Within the preferences for On This Day, then, you can say Don’t show me memories with so-and-so [because he is a despicable human] or …from the past three years [which were miserable and in no way noteworthy].
Looking forward, Paluri explains why he’s thrilled to continue working on developing these systems, and improving the quality of Facebook’s motherboard.
You’ve mentioned other applications already for vision and content understanding systems within Facebook. Is there anything else that’s still in the works — that employs these systems — that excites you?
All these capabilities on videos is something that excites me, for sure. That definitely already exists; it’s an ongoing thing, because video is pretty big on Facebook. But I think, at some level, we want to get richer and richer at understanding it. The current computer vision technology is still not there in terms of describing images the way humans do. It might tell you that this photo has these things, that this is the pixel that belongs to the cat, and so on — but it’s limited. It still doesn’t understand the relationship between things, and it still doesn’t describe it in a human way.

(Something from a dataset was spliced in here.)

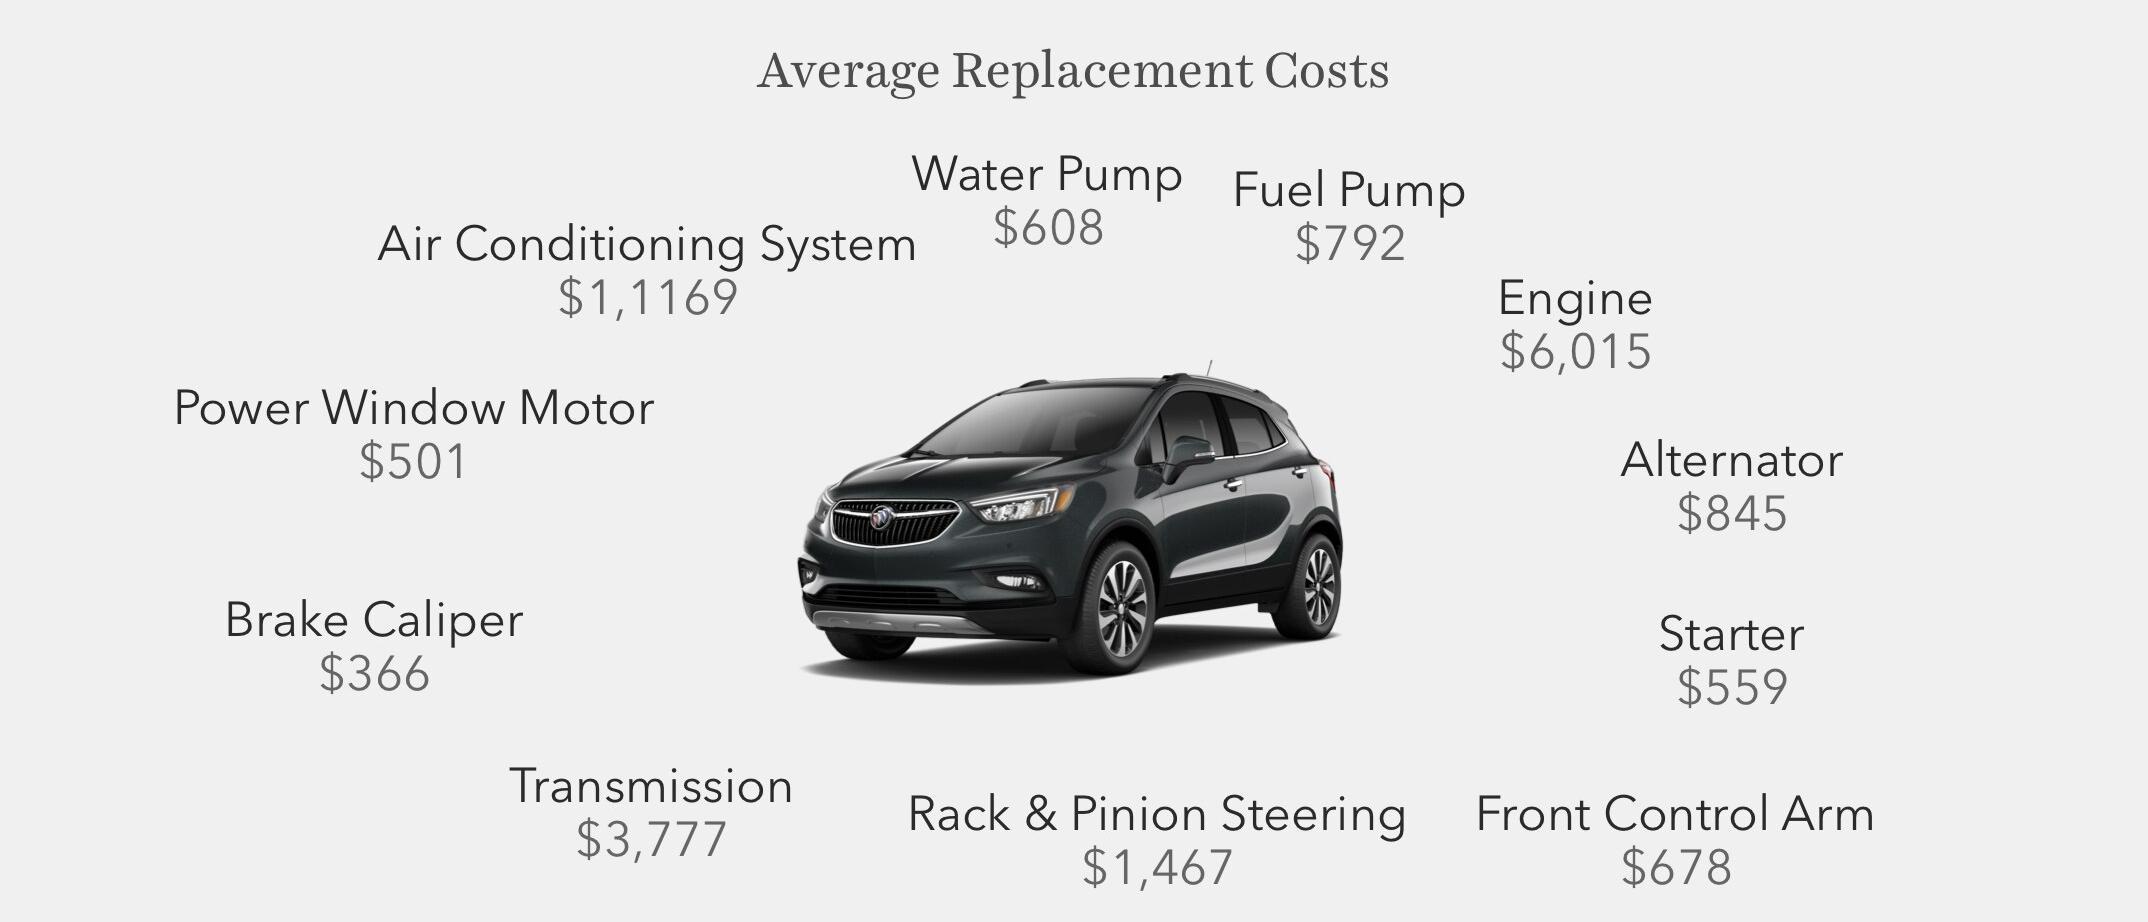 Buick Average Replacement Costs

There is some work out there that describes images — it’s called image captioning. There are a bunch of works that came out in the last two years. But, if you look at the captions that these systems generate, they’re very general. They’re not descriptive. One of the things that we would like, and that is going to come in the future from our side, is to describe them in a much richer way. Both for images and video. If you have a two-minute video, you don’t want a one sentence description; what you want is a paragraph with a time-sense to the description, right? ‘This happened, then this happened, then this happened,’ right? That is a good understanding.
So, you’re looking to knock me out of my job, you’re saying. In short.
[Laughs] No, definitely not. I’m making your job more interesting.
Do you feel like Facebook is kind of an odd place for this research to be happening, or is it a perfect place?
I think it’s a perfect place, because content understanding is in the DNA of Facebook. If you look at the explosion of Facebook usage, News Feed is one of the pillars that allowed Facebook to be an amazing social network compared to many other competitors. News Feed, still, is the main distribution channel.
But when you come to News Feed, you don’t come with a specific intent. You come there for information. So, it’s kind of important for us to show you the right things, to show you meaningful things. If you are going to other services, maybe you are going with an intent, in which case all the service needs to do is give the answer. Here, it’s like I am giving you the question and I am giving you the answer. So, you need to be really, really good for somebody to keep coming back.
That’s why A.I. and content understanding is at the core of Facebook, and why this is the best place for it. Given how much media there is — given how much content on Facebook is about images and videos, and the shift towards more and more video and VR — it’s the best place to be doing A.I. research, computer vision, and machine learning.
It’s not an odd place: it’s the place.